Making memray third-party allocator-aware #577

pitrou · 2024-04-10T08:39:42Z

Is there an existing proposal for this?

I have searched the existing proposals

Is your feature request related to a problem?

It seems that memray currently reports the different "kinds" of allocations based on which libc function was called (malloc, mmap...). (*) However, third-party allocators such as mimalloc and jemalloc are growing in use because of their desirable performance characteristics. When those are used instead of the system allocator, allocations which are logically malloc-like are reported as mmap calls with very large allocation sizes.

There is an example in this issue report where a bunch of 64MiB blocks are reported by memray as allocated (one per thread, roughly), resulting in a large reported footprint of more than 1GiB, while those are the page reservations by mimalloc and the corresponding allocations on the application side are tiny (1kiB each).

This is a problem that is bound to produce many user reports of memory leaks or overconsumption, while actually the program is operating at normal.

(*) I may be wrong in this interpretation of mine, in which case please do correct me.

Describe the solution you'd like

Ideally, memray would also detect calls to third-party allocator routines and report a mi_malloc(1024) as allocating 1024 bytes, not 64 MiB :-)

Several technical solutions can be considered and I'm not an expert in the field. Here are two that comes to mind:

Hard-code support for the most popular 3rd-party allocators, by looking at their respective API names. This seems conceptually easy but will have limited benefits, because those allocators are often privately vendored and sometimes their symbols are mangled to avoid symbol clashes. Also, this means that less popular allocators will not get any coverage.
Devise some sort of runtime protocol where the allocator themselves may tag API functions (how? I have no idea :-)) as being malloc-like, realloc-like, etc. This is obviously more complex technically and requires cooperation to come up with a suitable protocol, but would work better in the long term.

Alternatives you considered

No response

The text was updated successfully, but these errors were encountered:

pablogsal · 2024-04-10T10:24:27Z

Thanks @pitrou for bringing this to us. This is a very interesting problem indeed.

The key to either method is that we need:

A specific name for a symbol. We could mangle it ourselves according to the Itanium ABI but we need something to override that's constant and predicable.
We need the symbol to have a PLT/GTO entry. This basically means that the symbol is in the dynamic table of the executable or shared library. I assume that this will be the case in most cases but it may not happen in others. For instance, if someone (looking at CPython) would compile mimalloc statically, the symbols won't be exposed and there is no way for us to properly override them. This has an easy fix for CPython because we can ensure these have semantic interposition for this purpose, but anything else has the same problem.

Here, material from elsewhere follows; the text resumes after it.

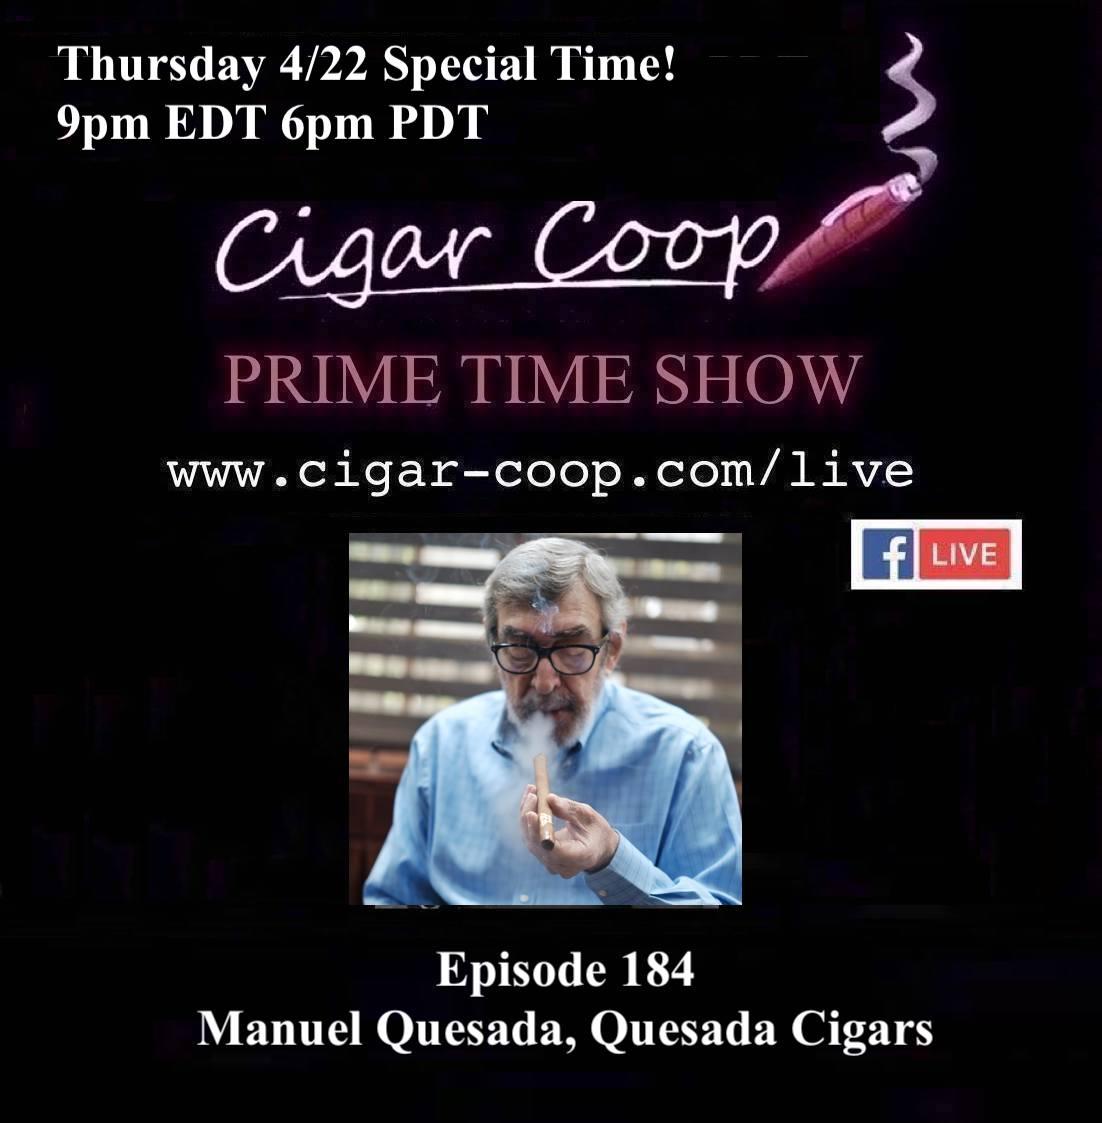 Announcement: Prime Time Episode 184 – Manuel Quesada, Quesada Cigars – Special Time 9pm EDT

If we have these two things, we could offer a way to either override automatically by having constant symbol names or to offer some kind of dynamic naming via some configuration.

I suppose that the next step is for us to investigate how some of the applications/libraries out there are interacting with this allocators. Do you think you can give us some example with pyarrow that uses mimalloc or jmalloc?

pitrou · 2024-04-10T11:32:35Z

Here is a quick REPL example:

>>> import pyarrow as pa

# mimalloc
>>> pool = pa.mimalloc_memory_pool()
>>> a = pa.array([0]*1_000_000, memory_pool=pool)
>>> pool.bytes_allocated()
8000000

# jemalloc
>>> pool = pa.jemalloc_memory_pool()
>>> a = pa.array([0]*1_000_000, memory_pool=pool)
>>> pool.bytes_allocated()
8000000

Note that mimalloc_memory_pool and jemalloc_memory_pool return singleton instances.

You'll find the corresponding C++ code here:

Note that jemalloc symbols are mangled to avoid polluting the standard libc namespace (malloc etc.) so it's probably easier to look at mimalloc first.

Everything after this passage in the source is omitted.